Waterloo-based BlackBerry announced in March that it had reached a deal to sell the majority of its real estate holdings.
Though it will continue to call Waterloo home, the mobile communications company is selling more than 4 million square feet of office space and vacant lands. The majority of the property is spread throughout the Region of Waterloo, with additional properties in Ottawa and Mississauga also up for sale.
Despite BlackBerry’s struggles, the development industry still has high hopes for real estate growth in Waterloo. As a result of overall growth in the tech sector, expansion of post-secondary universities and plans for new rapid transit networks, the region is thriving.
The fourth largest community in Ontario and the 10th largest in Canada, the Region of Waterloo’s population was approximately 530,000 as of 2011, and is expected to grow by about 200,000 new residents over the next 20 years.
“This is not a one-horse town and the reality of the tech sector here is that we have 30,000 employees in 800 companies,” Peter Whatmore, senior vice-president and executive director of CBRE Limited’s Southwestern Ontario division said in CBRE’s 2014 Market Outlook report. “In this mature market, I see opportunity ahead not anything that could be described as bleak.”
In December, the University of Waterloo acquired land and five buildings from BlackBerry for $41 million. The university will occupy three of the office buildings, while BlackBerry will lease back the remaining two for up to five years. The communications company also plans to lease back some of the space included in its March transaction, though a buyer has not yet been announced.
CBRE Limited reported that despite the return of office space to the market by BlackBerry, there was a healthy demand for office space in the region throughout 2013. The office transaction volume was 346,935 square feet in 2013, up from 150,000 square feet in 2012. Despite BlackBerry’s sale, the overall vacancy rate only rose 0.9 per cent in 2013.
The Region of Waterloo is focused on urban development, and is looking at ways to accommodate the population increase without creating greater congestion or environmental issues.

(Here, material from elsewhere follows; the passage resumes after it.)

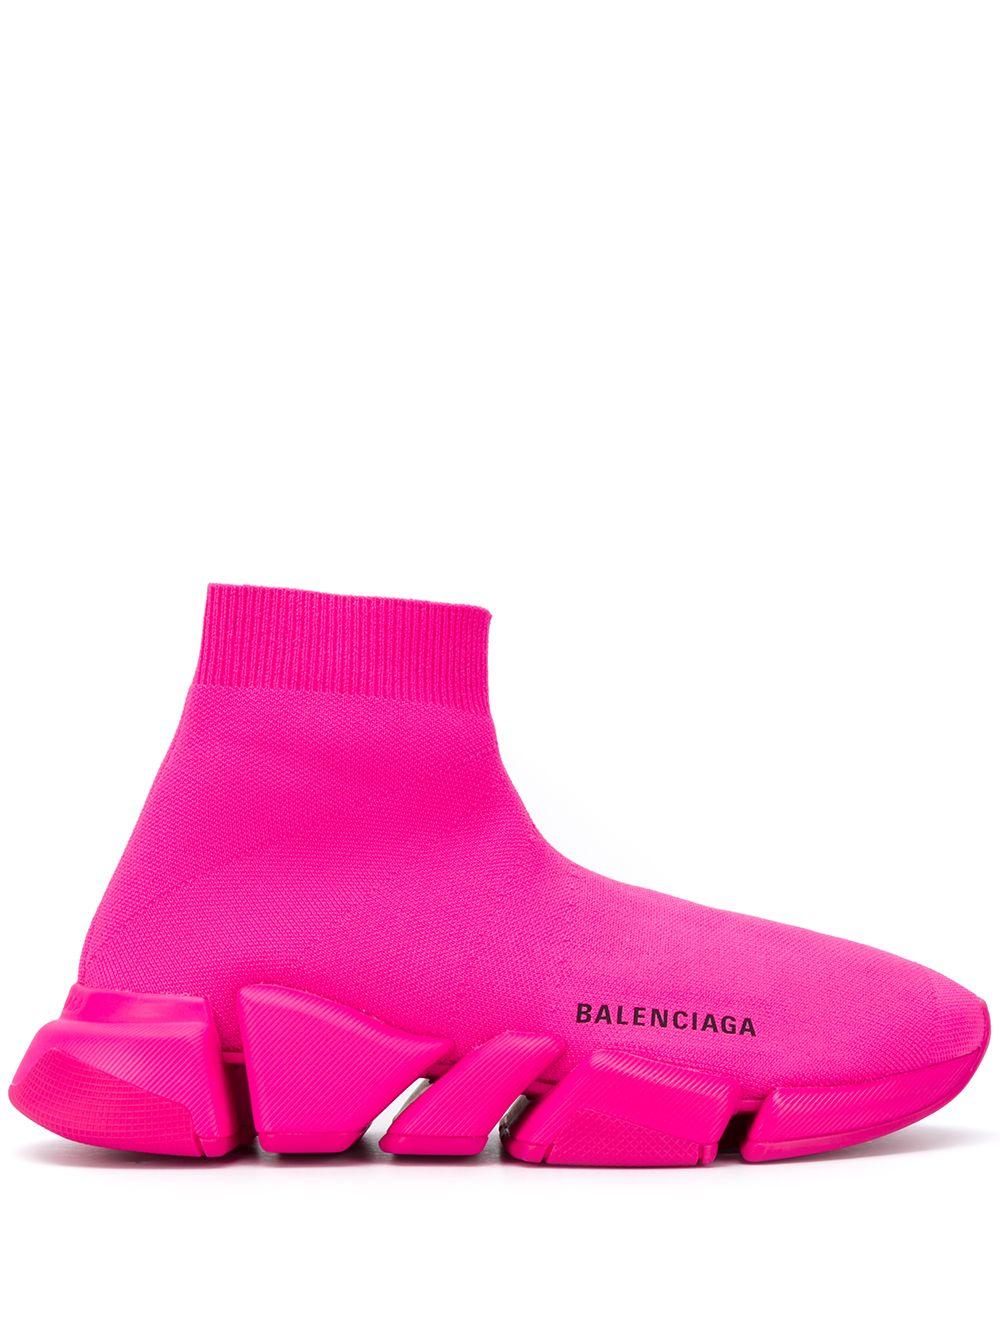 Balenciaga Slip-on Sock Trainers in Fuchsia (Pink) - Save 32% | Lyst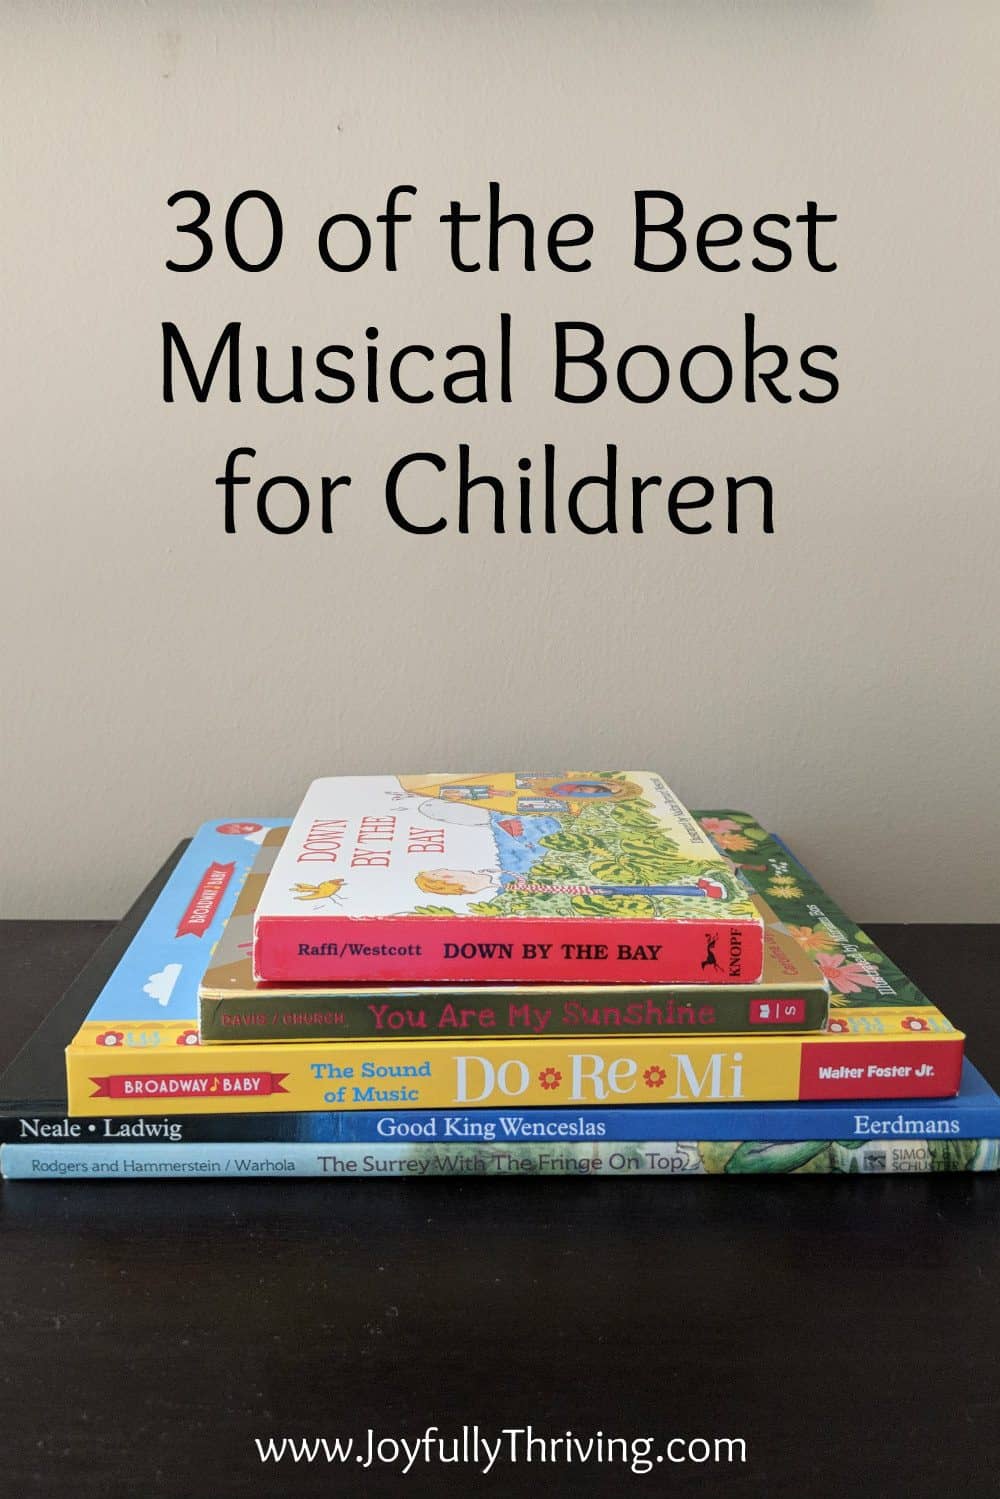 Best Musical Books for Children - Love this list! Love starting with musical books for babies and beyond!

Progress is already under way. Rob Horne, commissioner of planning, housing and community services for the Region of Waterloo, told attendees of the Canadian Urban Institute’s Growth Plan talk this past March that the region has risen the challenge of growth management by creating transportation links between subdivisions and promoting good density in already built-up areas.
A Region of Waterloo report on Ion, the new regional rapid transit system, says that in 2003, only 15 per cent of development was occurring in existing built-up areas. By 2011, it was up to 50 per cent. Ion will connect the region’s cities — Waterloo, Kitchener and Cambridge — through a combination of separated light rail transit and adapted bus rapid transit.
The region is funding roads as well as transit, Horne said, noting that since much of the region is car dependent, making investments in both is crucial for its continued growth.
Another way that the Region of Waterloo is adding increased density is by encouraging development on brownfield sites, which has room for growth due to the area’s history as a manufacturing centre. The region has implemented incentives such as development charge exemptions and environmental site assessment grants for these lands.
There is already development underway on some brownfield sites, such as the Breithaupt Block, formerly home to an auto-parts manufacturer and now the site of Google’s newest offices in the Region of Waterloo.
Continued investment in transportation infrastructure and incentives for developers will continue to make the region an attractive place for residents to live and employers to invest.
Leah Wong is the online editor of Canadian Property Management.